Ильинична потихоньку вышла на крыльцо, дала волю слезам. С опухшим красным лицом она вернулась в горницу, когда на востоке чуть забелел рассвет. На скрип двери Наталья открыла глаза, еще раз спросила:
– Скоро рассвенет?
– Рассветает.
– Укройте мне ноги шубой…
Дуняшка набросила ей на ноги овчинную шубу, поправила с боков теплое одеяло. Наталья поблагодарила взглядом, потом подозвала Ильиничну, сказала:
– Сядьте возле меня, маманя, а ты, Дуняшка, и ты, Дарья, выйдите на-час, я хочу с одной маманей погутарить… Ушли они? – спросила Наталья, не открывая глаз.
– Ушли.
– Батя не приехал ишо?
– Скоро приедет. Тебе хужеет, что ли?
– Нет, все одно… Вот что я хотела сказать… Я, маманя, помру вскорости… Чует мое сердце. Сколько из меня крови вышло – страсть! Вы скажите Дашке, чтобы она, как затопит печь, поставила воды побольше… Вы сами обмойте меня, не хочу, чтобы чужие…
– Наталья! Окстись, лапушка моя! Чего ты об смерти заговорила! Бог милостив, очуне́ешься.

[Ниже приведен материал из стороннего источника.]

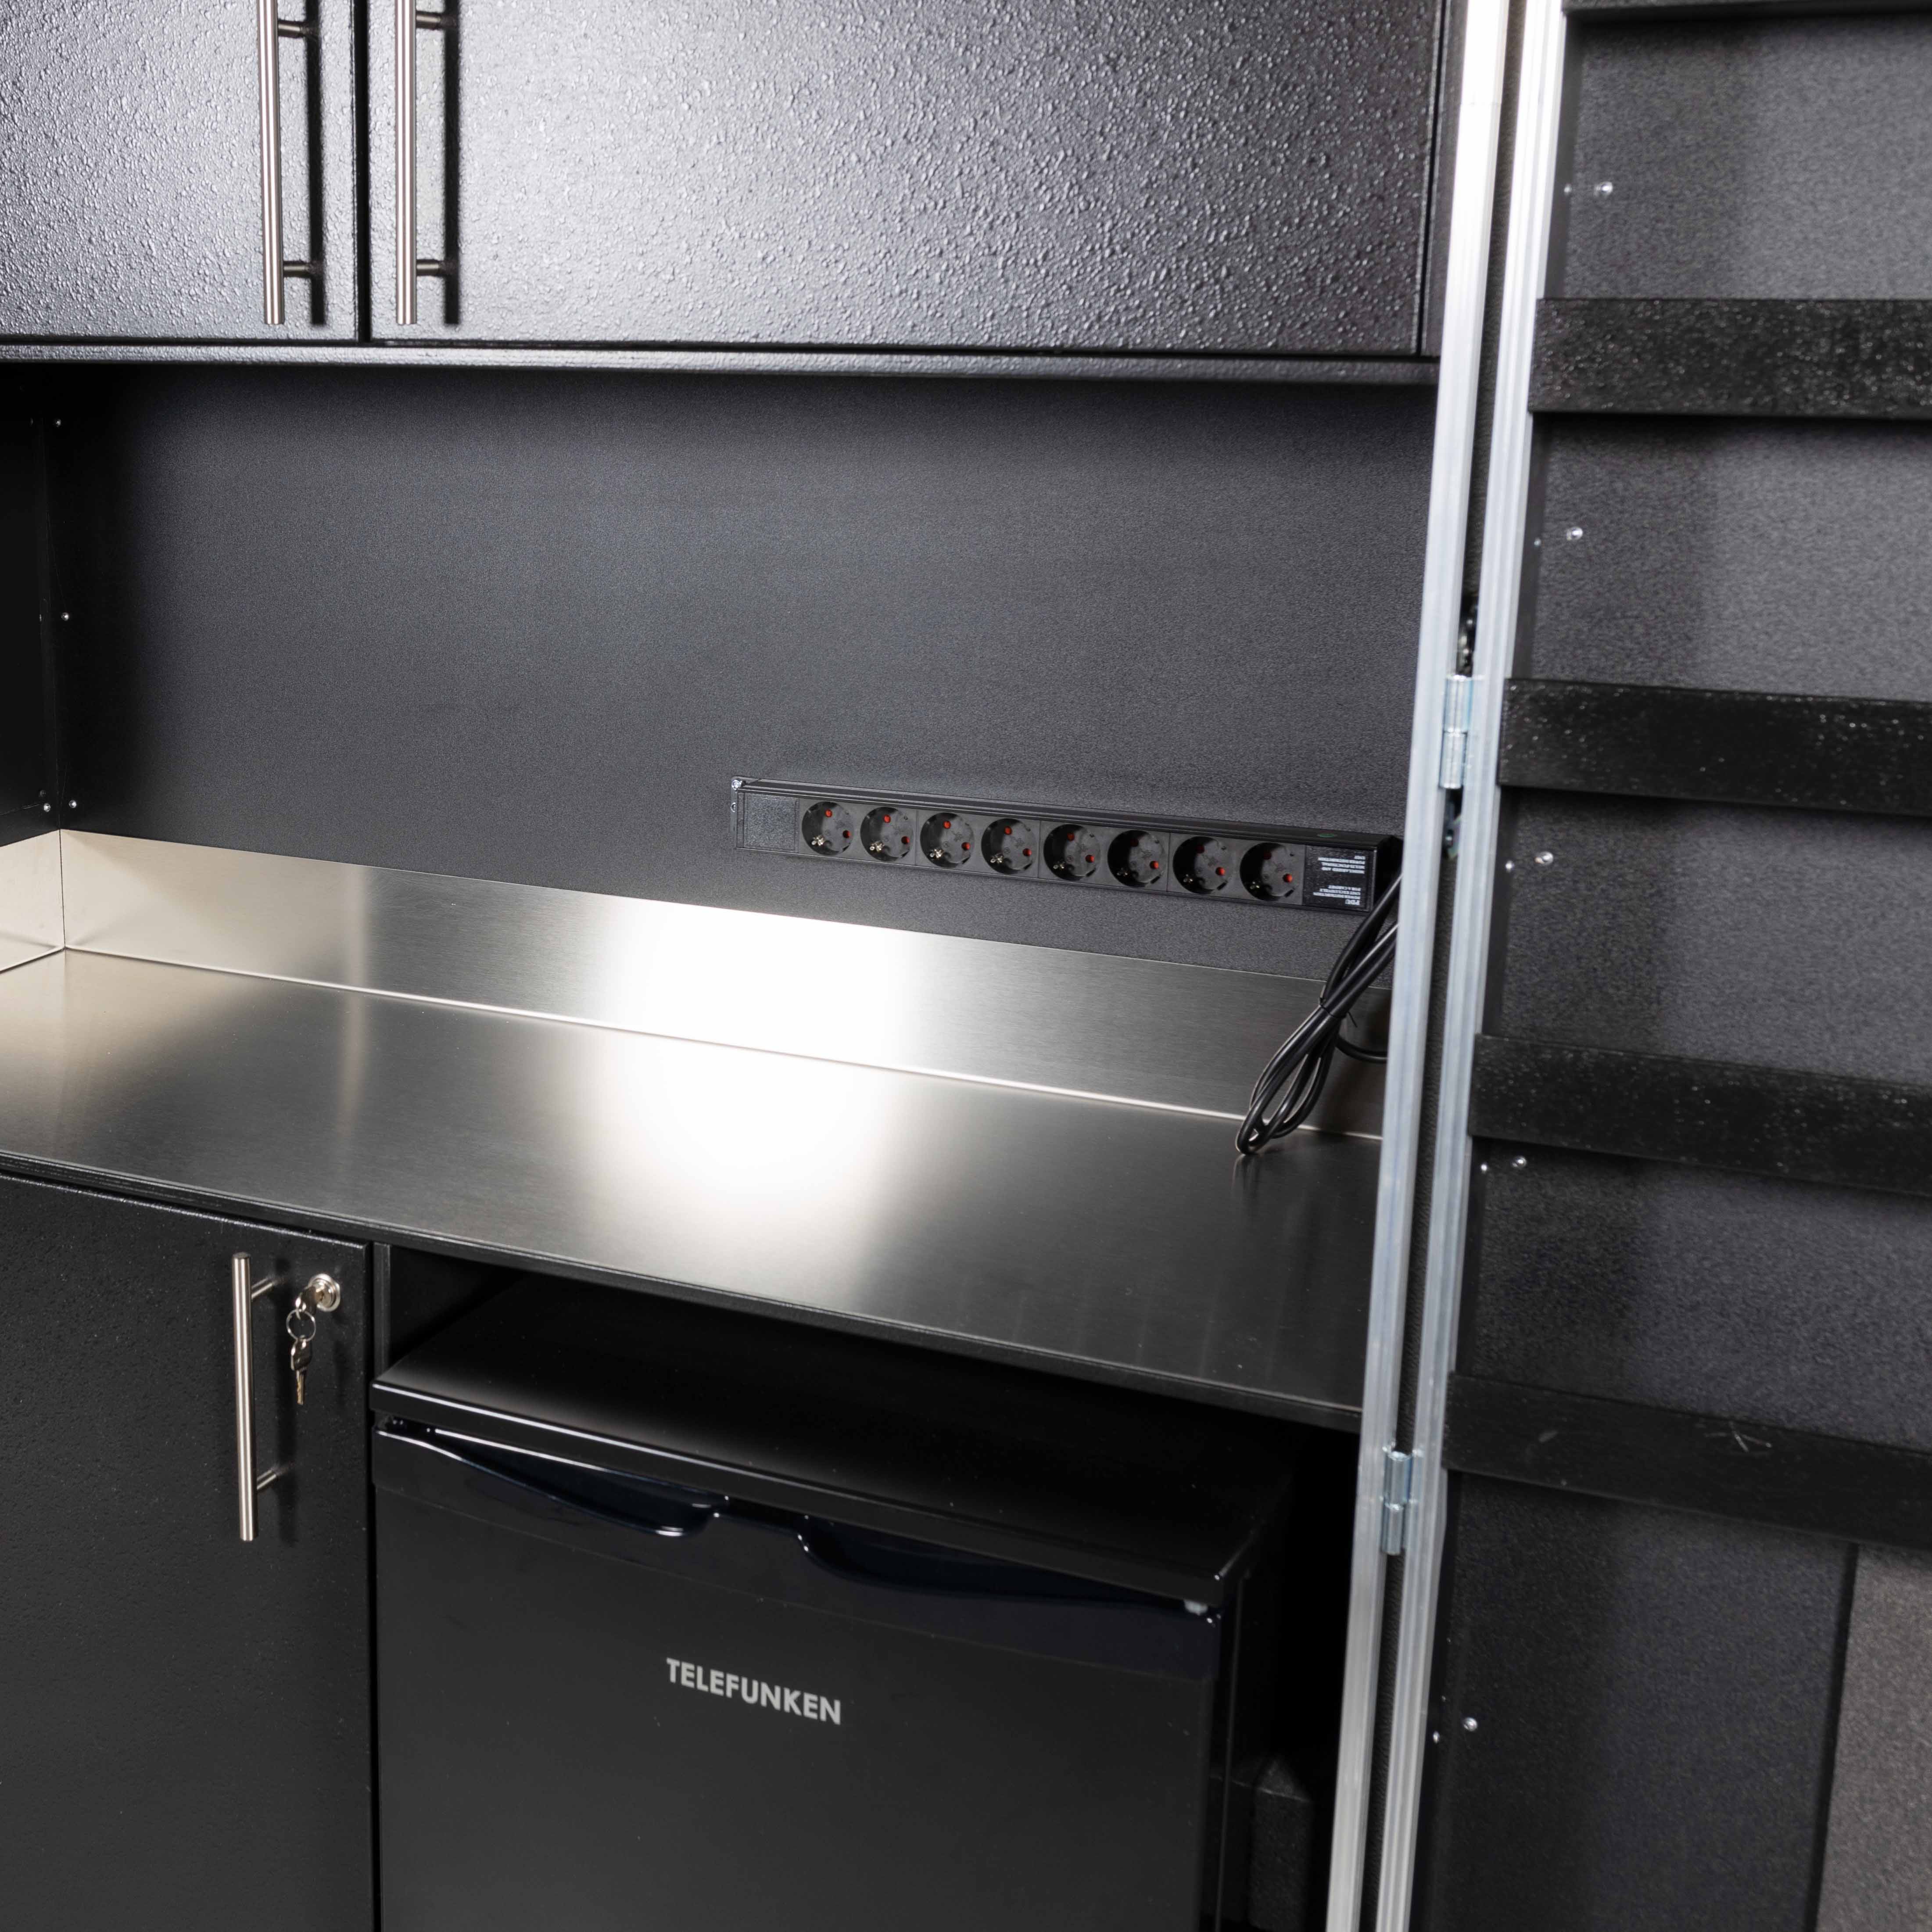 Küchencase/Cateringcase mit Edelstahlarbeitsfläche und Kühlschrankfach

Слабым движением руки Наталья попросила свекровь замолчать, сказала:
– Вы меня не перебивайте… Мне уж и гутарить тяжело, а я хочу сказать… Опять у меня голова кружится… Я вам про воду сказала? А я, значит, сильная… Капитоновна мне давно это сделала, с обеда, как только пришла… Она, бедная, сама напужалась… Ой, много крови из меня вышло… Лишь бы до утра дожить… Воды побольше нагрейте… Хочу чистой быть, как помру… Маманя, вы меня оденьте в зеленую юбку, в энту, какая с прошивкой на оборке… Гриша любил, как я ее надевала… и в поплиновую кофточку… она в сундуке сверху, в правом углу, под шалькой лежит… А ребят пущай уведут, как я кончусь, к нашим… Вы бы послали за матерью, нехай прийдет зараз… Мне уж надо прощаться… Примите из-под меня. Мокрое все…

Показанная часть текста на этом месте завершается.